I wired everything up. Hume EVI for the voice (more on the voice echo nightmare later), Mem0 for long-term memory, TiDB for the database, Claude as the brain. Deployed it on Vercel. Sent the link to a few people. Felt pretty good about myself.

Then I used it for real. Like, actually sat down and talked to it about my day. Told it personal stuff. My income. My family. My goals for the next year.

Next session, I opened it up expecting this deeply personal experience.

It had no idea who I was.

Zero context. Completely blank. Like we'd never spoken. The entire product promise, the thing that makes this different from every other AI journal, was broken.

When Your Memory Layer Forgets

I was using Mem0 for long-term memory. If you haven't heard of it, Mem0 is an open-source memory framework that's blown up on GitHub. Like 40,000+ stars. The idea is great: you feed it conversations, it extracts important facts, and you can recall those facts later. Companies are building on it. VCs are funding it.

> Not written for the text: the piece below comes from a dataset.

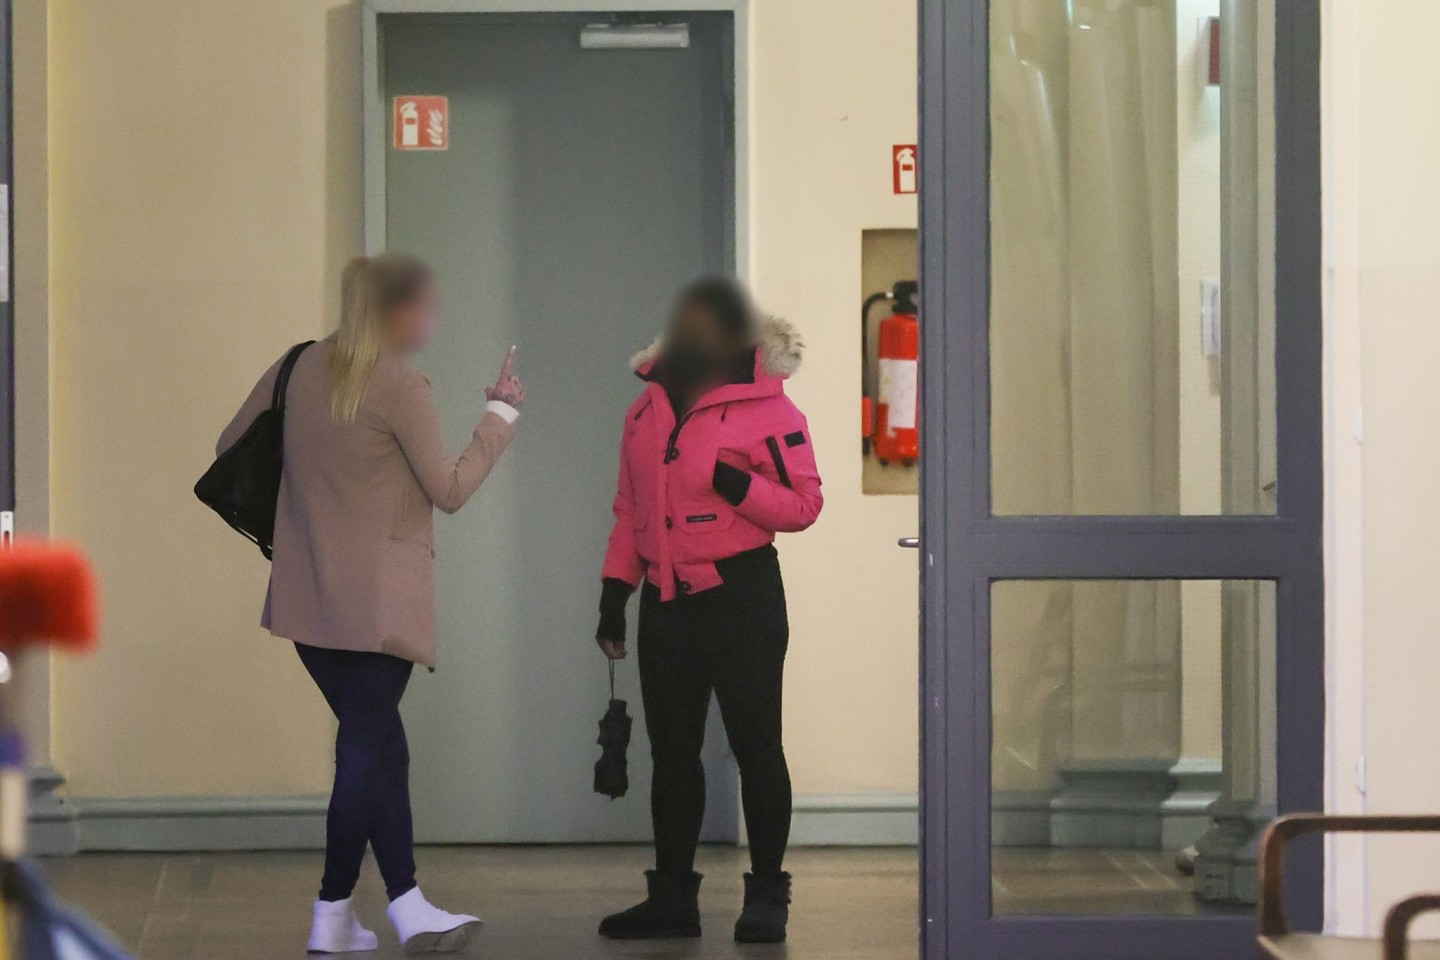 Zwei angeklagte Frauen warten vor einem Gerichtssaal im Strafjustitzgebäude in Hamburg auf den Beginn der Verhandlung.

So I told the AI during a conversation: "I make $165,000 base salary with a $22,000 bonus." (Numbers changed for privacy, but the point stands.)

I checked what Mem0 actually stored from that conversation.

It extracted: "User wants to discuss their income, stating it was previously shared."

Read that again. I gave it EXACT NUMBERS. My salary. My bonus. Specific financial details that matter to me. And Mem0's internal model compressed that into a vague sentence about wanting to discuss income. It threw away the actual data.

This isn't a bug in Mem0's design. It's a limitation of how memory extraction works. Mem0 uses a smaller language model internally (GPT-4o-mini) to decide what's worth remembering. And smaller models are aggressive summarizers. They capture the gist and drop the specifics. For casual chatbot memory, that's probably fine. For a product where remembering someone's exact life details IS the value proposition, it's a dealbreaker.

I ran more tests. Told it about my family, my career plans, specific names and dates. Some things it captured. Others it mangled or skipped entirely. There was no way to predict what it would keep and what it would lose, because I don't control the extraction model. It's a black box.

If the memory layer is the product, I can't outsource it to someone else's black box.

Who is Lily?

While I was debugging the Mem0 issue, I made another mistake that could've been way worse.

To save money, I was using GPT-4o-mini to synthesize user profiles. The idea was to take all the conversations and generate a document that captures who the user is, what they care about, who's important in their life. That profile gets injected into every future conversation so the AI has context.

I ran the synthesis on my test conversations. Read the output.

It said my daughter's name was "Lily" and my partner was "Sarah."

My daughter's name is Cristel. My wife's name is Glenda.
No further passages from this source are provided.